SELECT * WHERE key = 'Adams, Mississippi, US'
TRANSFORM PREPARTITION BY key PRESORT date USING Draw(path="/tmp")
OUTPUT USING render_all

Also you can see it rendered twice, it's because the plot inside the transformer is also rendered here because it's NativeExecutionEngine. This shouldn't happen when using SparkExecutionEngine, so we are fine with it.

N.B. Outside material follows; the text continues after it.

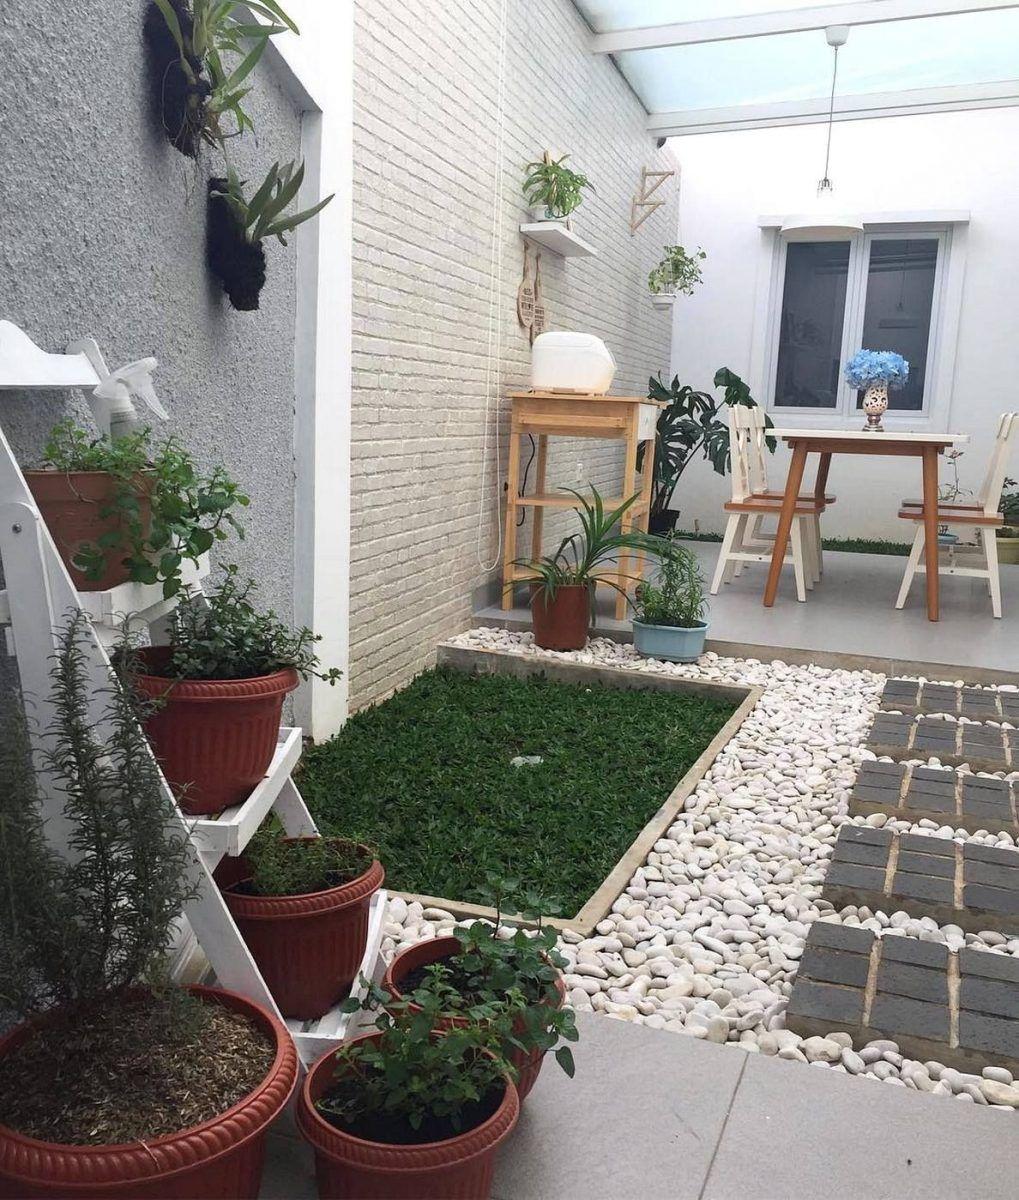 Desain Rumah Minimalis Desain Rumah Idaman Ide Desain Taman Cantik Di Dalam Rumah Desain Rumah Minimalis Desain Rumah Idaman Desain Rumah Sederhana Desai Di 2020 Ide Halaman Belakang Rumah Kebun Halaman Belakang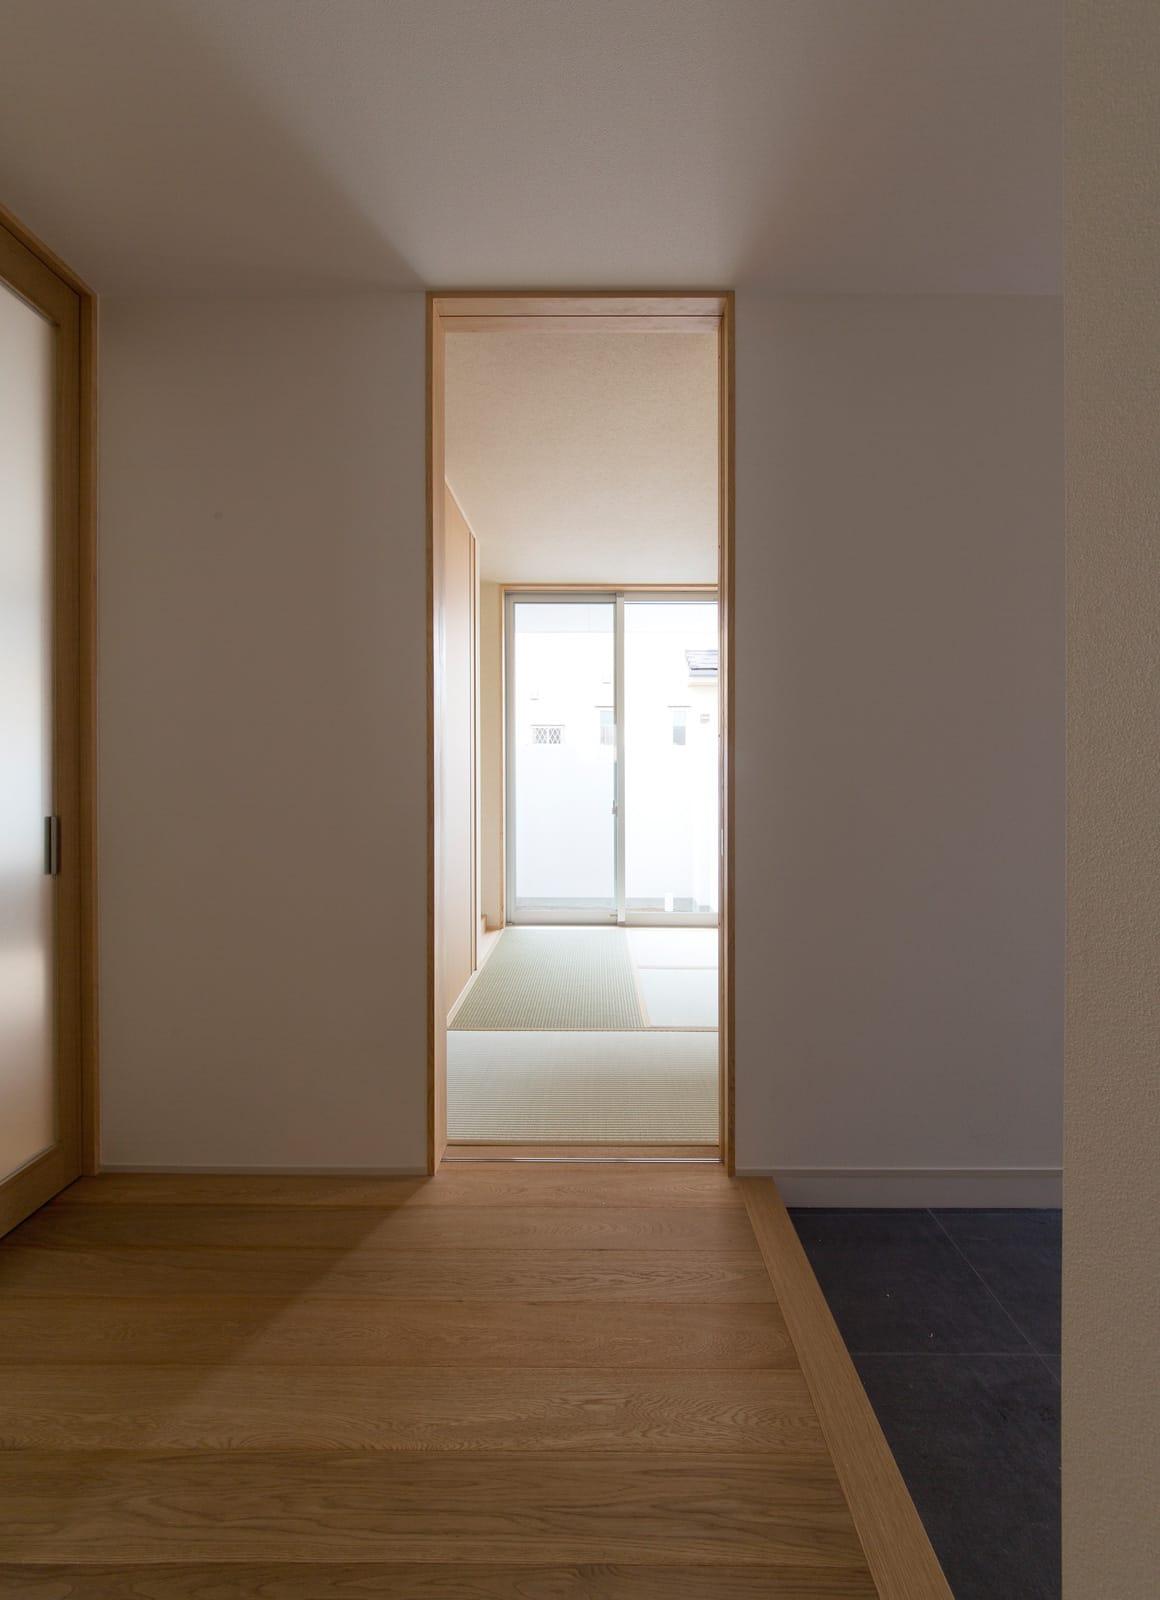 ハイジハウスの部屋1

We only want to draw the charts on the 10 states with highest death numbers, so the following code, we firstly find the top 10 states, then we use SEMI JOIN to filter the dataset and then we aggregate and use the transformer to plot.

Notice in the last SELECT, we can use inline TRANSFORM. Fugue SQL is more flexible than standard SQL.

In [ ]:

%%sql SparkExecutionEngine
data = LOAD "/tmp/covid19.parquet"

top10 = 
    SELECT state, SUM(death) AS death 
    FROM data GROUP BY state 
    ORDER BY death DESC LIMIT 10 PERSIST

data = 
    SELECT * FROM data 
    LEFT SEMI JOIN top10 ON data.state = top10.state
    WHERE date > '2020-04-01'

SELECT state, date, SUM(confirmed) AS confirmed, SUM(death) AS death
    GROUP BY state, date
    
# this step is to sort the output by death, the output of Draw doesn't have death, so we need join
SELECT a.*, death FROM 
    (TRANSFORM PREPARTITION BY state PRESORT date USING Draw(path="/tmp")) AS a
    INNER JOIN top10 ON a.state = top10.state
    ORDER BY death DESC
    
OUTPUT USING render_all

Summary¶

The way we solve this problem is very platform and scale agnostic. No matter you run it on native python with small data or on Spark with very large data, you may no longer need to change the code.